優しくできない男はろくでなしなのだ、ろくでなしブルースなのだ、豆腐の角に頭をぶつければいいのだ。
北川悦吏子。
かつて一世を風靡したドラマ“あすなろ白書”や
“ロングバケーション”を書いた脚本家です。昔この人のエッセイに、こんな話がありました。
“とても優しい人と付き合ったことがあります”
北川さんは若かりし頃、付き合った男性に対して必ずする質問があった。
「わたしがもし夜道で強姦に襲われたらどうする?」
そう訊いて、男性から「犯人を探し出して、ひどいめに遭わせてやる」だとか、「ぶっ殺してやる」だとか、そんな期待通りの答えが返ってくると、北川さんは自分が恋人から大切に想われていると実感し、満足していた。
そしてある時、何人めかにこの質問をした彼からは、意外な答えが返ってきた。
例の如く「どうする?」と訊いた北川さんに彼はひとこと。
「…なぐさめる。」
北川さんはそれ以来、誰かにこの質問をしなくなったそうだ。
かく言うわたしも優しい人と付き合ったことがある。
というか有難いことに、優しい人としか付き合ったことがない、くらい。こう言ってしまうのも難だけれど、女性に母性があるように 男性は、女性に優しくするようにできている。
小さいころから「女の子を泣かしたらいけません」と育てられ、潜在意識の中に「女の子には優しくするもの」とすり込まれているためか、ある一定ラインまでの優しさは皆持っているように思う。しかも人は好きな異性に対してなら尚更、優しくしようと努力しなくても自然と優しくなるものだ。
だから本当の意味で、女性に微塵の優しさも見せない男性がいるとしたら、そもそも女性が嫌いか、よっぽどのロクデナシか、どちらかだとすら思ってしまう。
でも思いやりは違う。思いやりは人のためでしかなくて、形にするのが難しい。だから努力で身に付けるのはたぶん難しい。
あるか、ないか。持って生まれたもののような気がする。あれば自然と滲み出てしまうもの。
北川さんの言うこの彼は、とても優しいのはもちろんの事、思いやりのある人、だったのだと思う。

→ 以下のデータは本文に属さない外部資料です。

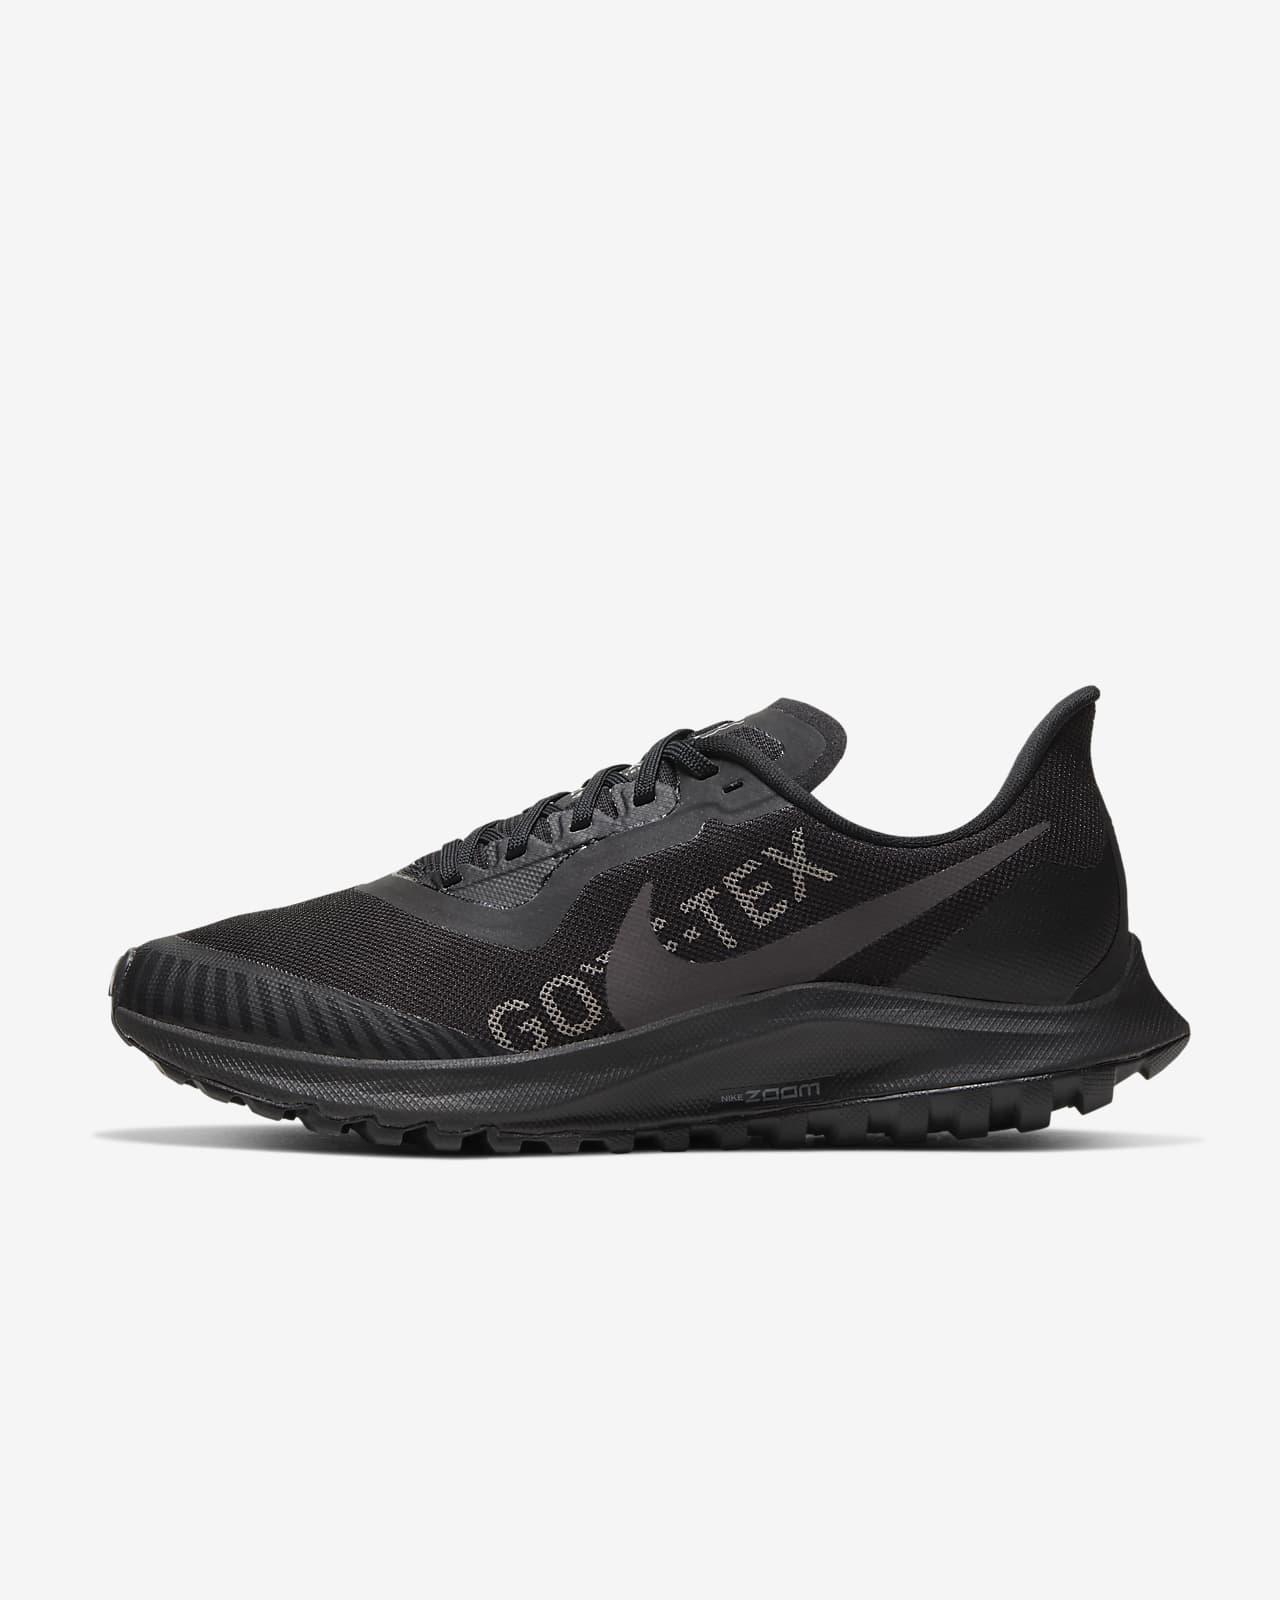 Chaussure de running sur sentier Nike Zoom Pegasus 36 Trail GORE TEX pour Femme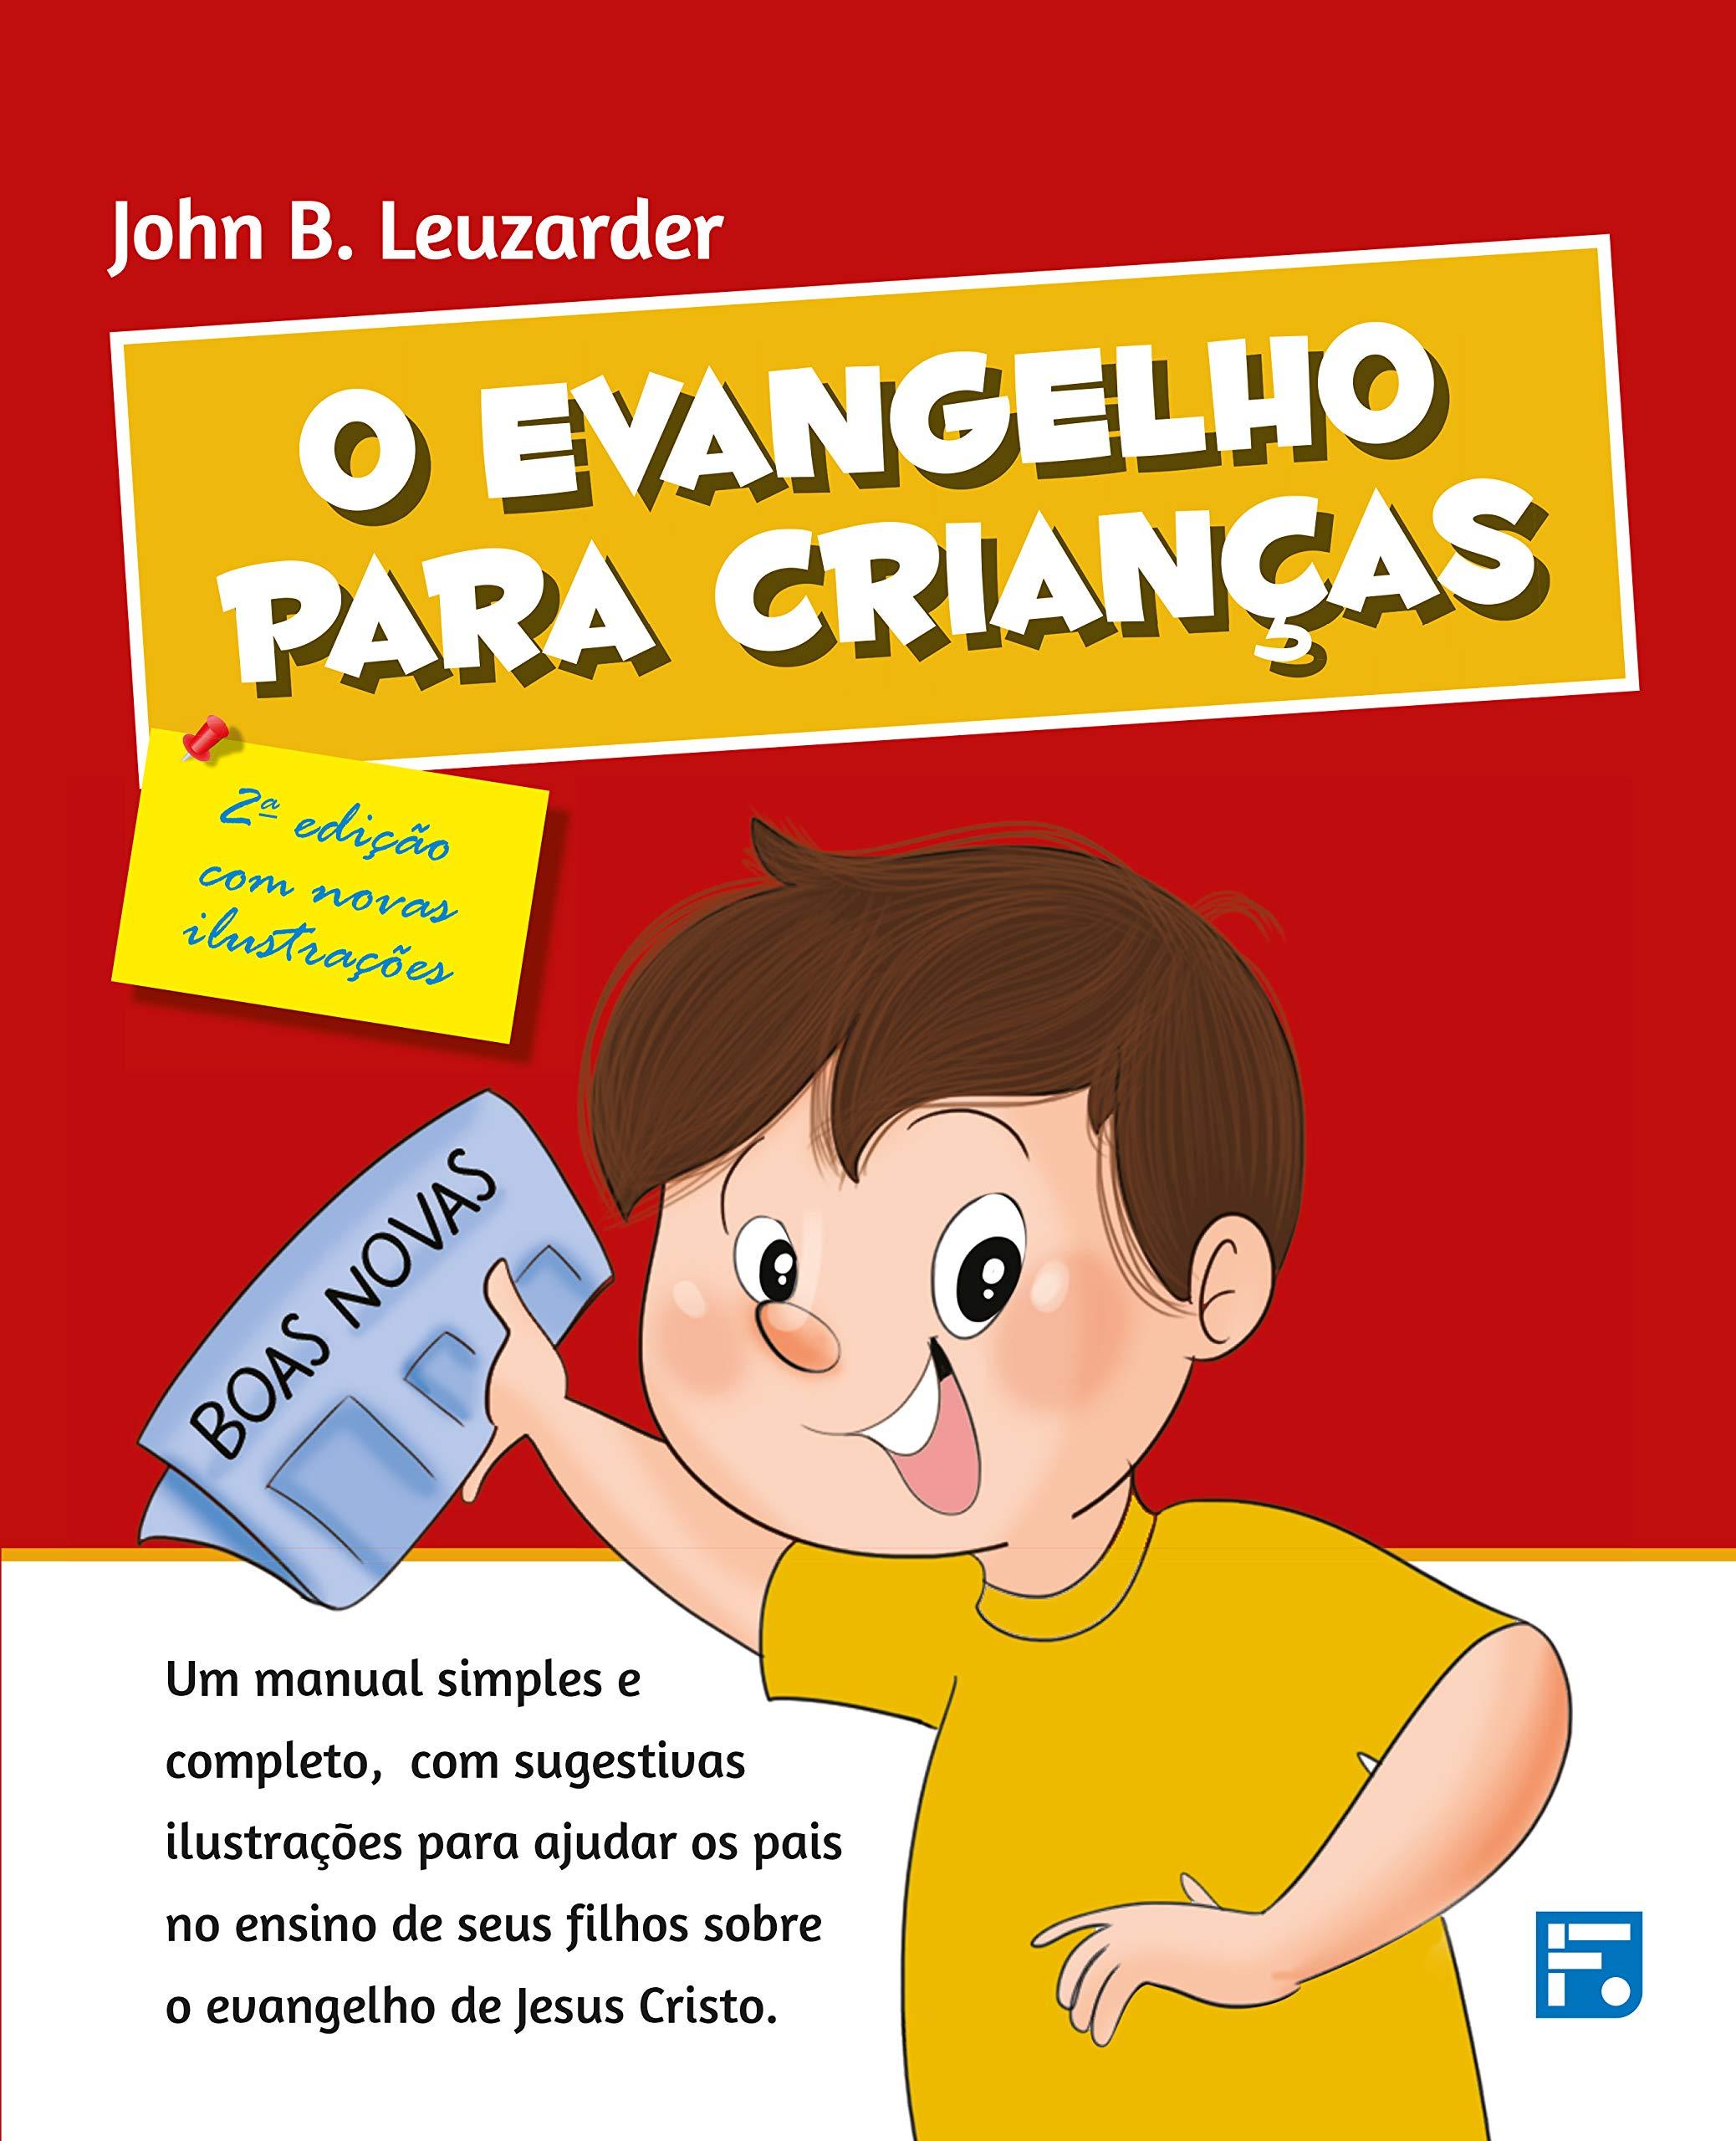 O evangelho para crianças [2ª edição com novas ilustrações]

犯人を探しに行って敵をとろうとする人は優しい。でもそこに「俺の女に何しやがる」という憎しみが少しでもあれば、それはすでに自分のためにしていることだ。
その間に一人で待つ彼女の気持ちを考えて、何よりも先に気遣えるのが思いやり。大事なのは、自分以外の誰かの身になれること。
たとえば誕生日には夜景の見えるレストラン、車のドアをさっと開けてくれたり、バッグを持ってくれたり、欲しいものをプレゼントしてくれたり、本当にそれらを幸せに感じる女の子はたくさんいるだろうし、そんなこともすてきなのかもしれない。けれどそれは、冷奴でいえば上に乗せた生姜や葱であって、肝心の豆腐の質には何の関係もない。あれば風味が増すかもしれない、でも本当に美味しい豆腐なら何も乗せなくても、豆腐の味そのものだけで、人を感動させられる。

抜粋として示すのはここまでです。